In re Carlisle Etcetera LLC, C.A. No. 10280-VCL (Del. Ch. Apr. 30, 2015) (Laster, V.C.)

In this opinion, the Court of Chancery granted in part and denied in part respondent’s motion to dismiss a petition to dissolve Carlisle Etcetera LLC (“Carlisle”).  Notably, the Court recognized a cause of action for equitable dissolution of a Delaware limited liability company.  The Court also held that an assignee of a membership interest in a Delaware limited liability company has standing to bring an equitable dissolution claim even though only a member or manager has standing to bring a claim for statutory dissolution under Section 18-802 of the Delaware Limited Liability Company Act (the “Delaware LLC Act”).  The Court accordingly dismissed petitioners’ statutory dissolution claim but upheld its equitable dissolution claim.

In 2012, respondent, Tom James Company (“James”), and The Royal Spirit Group (“Royal Spirit”) created Carlisle, a joint venture Delaware limited liability company, to acquire and operate a manufacturing and retailing business of custom clothing.  Royal Spirit formed Well Union Capital Limited (“WU Parent”) as the vehicle through which Royal Spirit would participate in the joint venture.  Each contributed equal capital and received a 50% member interest.

Carlisle’s limited liability company agreement (the “LLC Agreement”) created a board to manage the company, of which WU Parent and James had a right to appoint two of the four members.  All board decisions required unanimous approval.  The LLC agreement also designated the CFO of James to serve as the CEO of Carlisle.

Later in 2012, WU Parent formed a subsidiary, Well Union U.S. Holdings, Inc. (“WU Sub”).  WU Parent attempted to transfer its member interest in Carlisle to WU Sub for tax purposes.

James and Royal Spirit developed disagreements about the management and operation of Carlisle.  They attempted to negotiate a buyout, but the process eventually stalled.  James, however, could perpetuate deadlock at the management level through its 50% control of the board while simultaneously operating the company through its control over Carlisle’s CEO, who was also James’ CFO. 

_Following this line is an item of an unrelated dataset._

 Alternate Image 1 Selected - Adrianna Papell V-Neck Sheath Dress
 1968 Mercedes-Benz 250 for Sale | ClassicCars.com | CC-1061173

Accordingly, Royal Spirit, through WU Parent and WU Sub, petitioned the Court to dissolve Carlisle under 6 Del. C. § 18-802 and the Court’s equitable power to dissolve business entities.  James moved to dismiss for lack of standing because neither WU Parent nor WU Sub were “member[s]” of Carlisle.

The Court first evaluated petitioners’ statutory dissolution claim and dismissed it.  The Court noted that, under the plain language of Section 18-802, only a “member” or “manager” of a limited liability company has standing to petition for statutory dissolution.  The Court found that neither of the petitioners were “member[s]” of Carlisle.  Although WU Parent initially was a member, it lost its member status by operation of law when it assigned all of its membership interest to WU Sub.  Under Section 18-702(b)(3) of the Delaware LLC Act, a “member ceases to be a member and to have the power to exercise any rights or powers of a member upon assignment of all of the member’s limited liability company interest.”  Further, WU Sub did not become a member of Carlisle when WU Parent assigned its member interest to it.  Under Section 18-702(b)(1) of the Delaware LLC Act, “[u]nless otherwise provided in a limited liability company agreement.... [a]n assignment of a limited liability company interest does not entitle the assignee to become or to exercise any rights or powers of a member.”  Because Carlisle’s LLC Agreement did not provide otherwise, WU Parent’s assignment of its member interest to WU Sub left neither entity as a member of Carlisle, and therefore they each lacked standing to petition for dissolution under Section 18-802 of the Delaware LLC Act.

The Court rejected the argument that WU Sub became a “de facto member” of Carlisle simply because Carlisle’s records reflected that WU Sub was a member.  Although Section 18-301(b)(2) of the Delaware LLC Act states that an assignee becomes a member “when any such person’s permitted admission is reflected in the records of the limited liability company,” the Court held that this provision governs the timing of admission of an otherwise properly admitted member and does not provide an alternate condition to attain member status.  An assignee must still satisfy the conditions of 6 Del. C. § 18-704 to become a member.

The Court then found that the petition stated a claim for equitable dissolution.  In so finding, the Court held that Section 18-802 of the Delaware LLC Act, providing for judicial dissolution of limited liability companies, did not displace the Court’s power to order equitable dissolution of a limited liability company.  The Court noted that under the Delaware Constitution, the Court of Chancery is vested with “all of the general equity jurisdiction of the High Court of Chancery of Great Britain as it existed prior to the separation of the colonies,” except where an adequate remedy at law exists.  This jurisdiction includes authority to order dissolution of business entities where equity so requires.  The Court reasoned that the situation facing the parties, where petitioners were relegated to passively investing in a company of which they originally negotiated to be co-equal operators, was one that equity could remedy and for which no adequate remedy at law existed.  The Court accordingly upheld the petition for dissolution.